We recently set up a special needs trust for for a family member. It is an important part of planning for the future of a disabled individual and has large consequences if done incorrectly.

Special Needs Trust

Special needs trusts, or supplemental needs trusts, provide the means to care for a disabled child (or adult) after the parents or guardians have passed away. It holds money that would typically be provided to children through an inheritance or through a lawsuit settlement. It also shelters money so the disabled individual cannot be taken advantage of financially.

Why It Is Important

To be eligible for SSI, an individual must have limited resources [1] (including cash, savings, stocks, land, vehicles and life insurance policies), which is defined as $2,000 for an individual or $3,000 for a couple. A house and one vehicle are excluded, as are special needs trusts.

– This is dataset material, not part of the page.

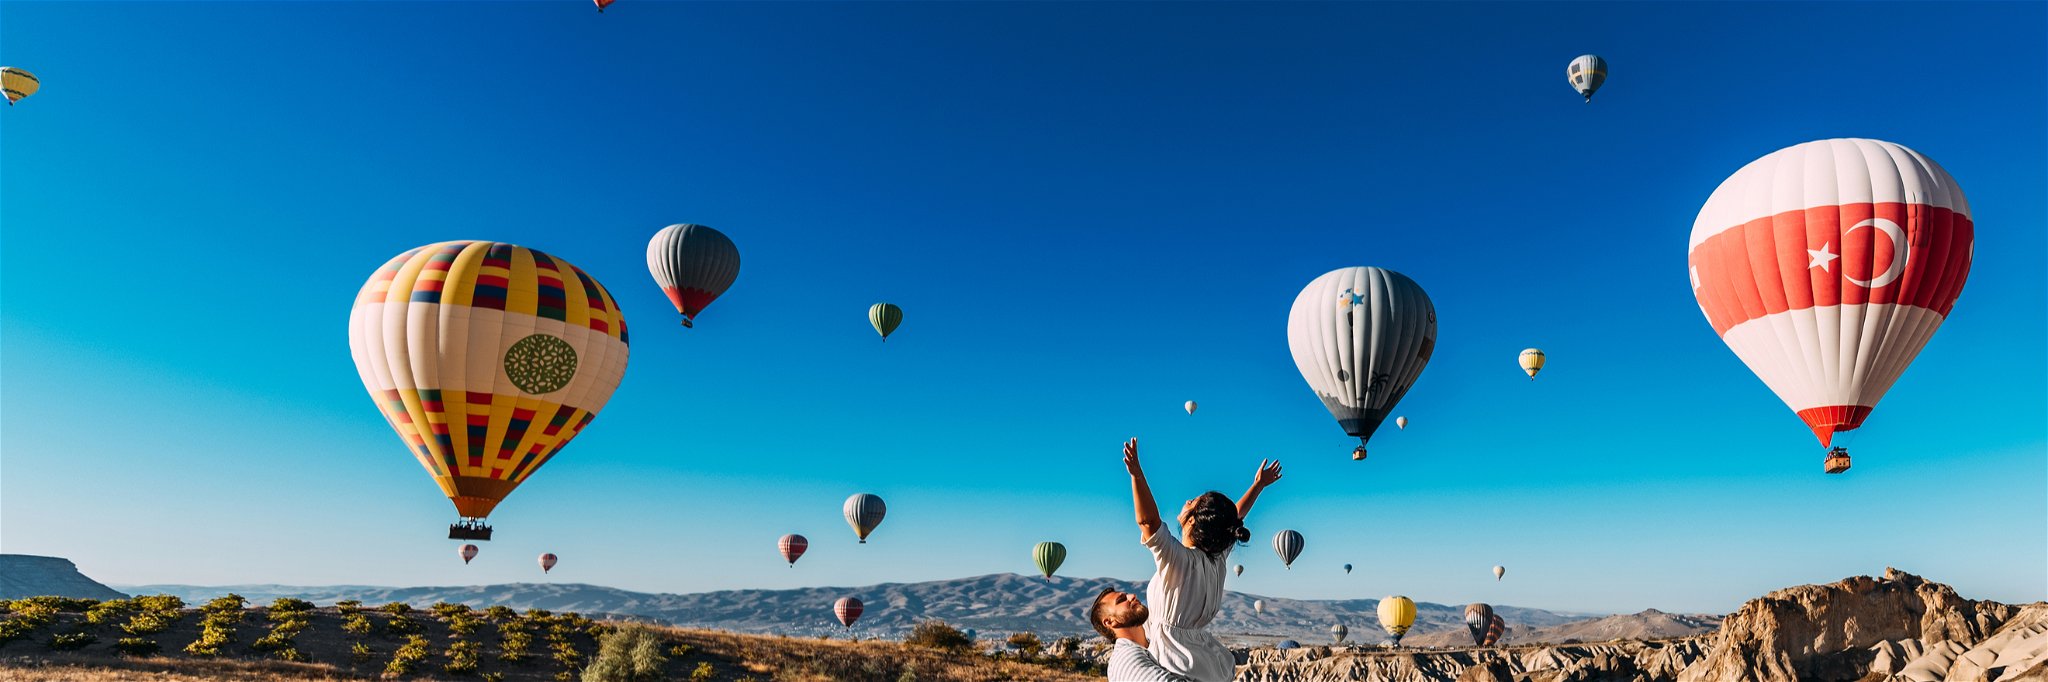 A&nbsp;hot air balloon&nbsp;ride is a perfect experience for two.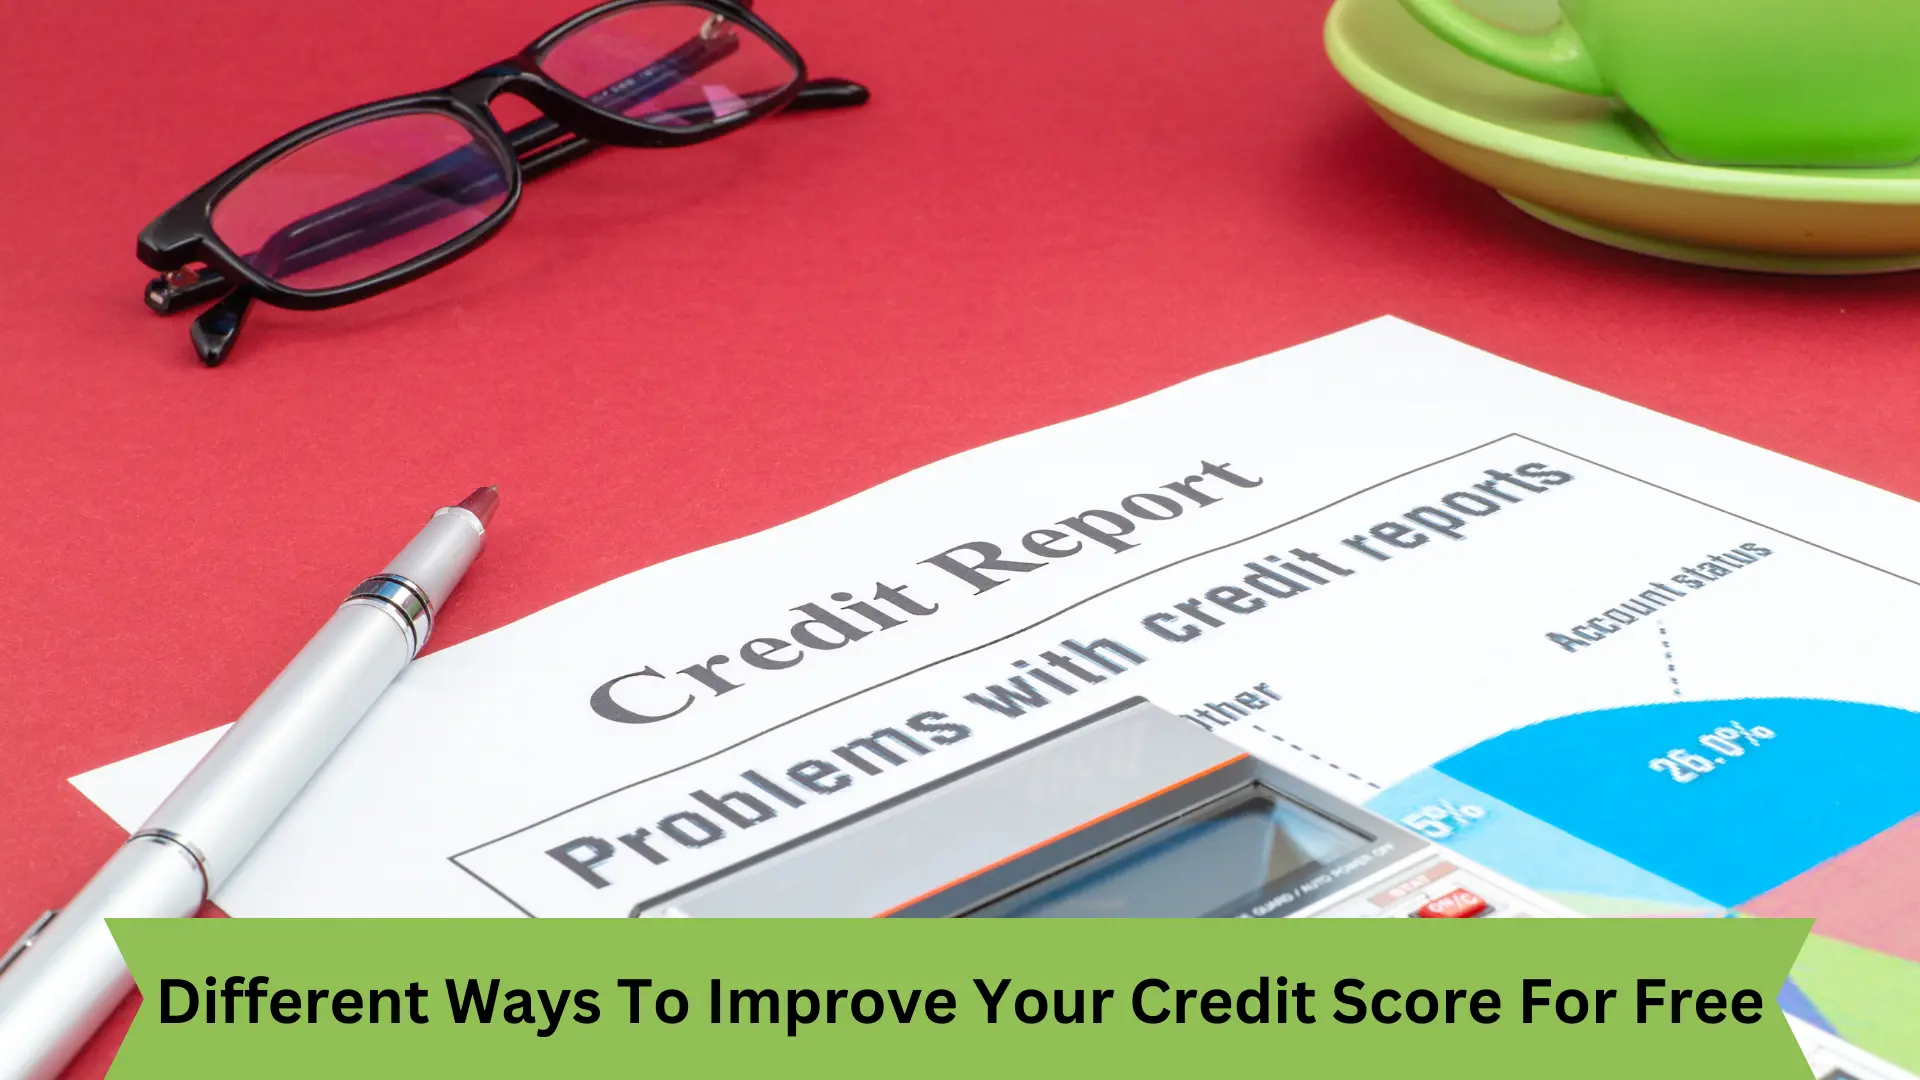 Increase Credit Score: Free Ways to Improve Your Financial Health

Many parents would agree that you currently give your disabled child a better quality of life than $2,000 could provide. You don’t want their quality of living to decline after you are gone. However, leaving an inheritance directly would jeopardize the SSI and Medicaid benefits. Without these government programs, the individual would be worse off financially even after receiving the inheritance.

A special needs trust is created to keep the disabled individual eligible for government assistance and provide a quality of life consistent with what they received when their caregiver was alive.

Our experience

Here’s some of the things I learned when we had the trust made.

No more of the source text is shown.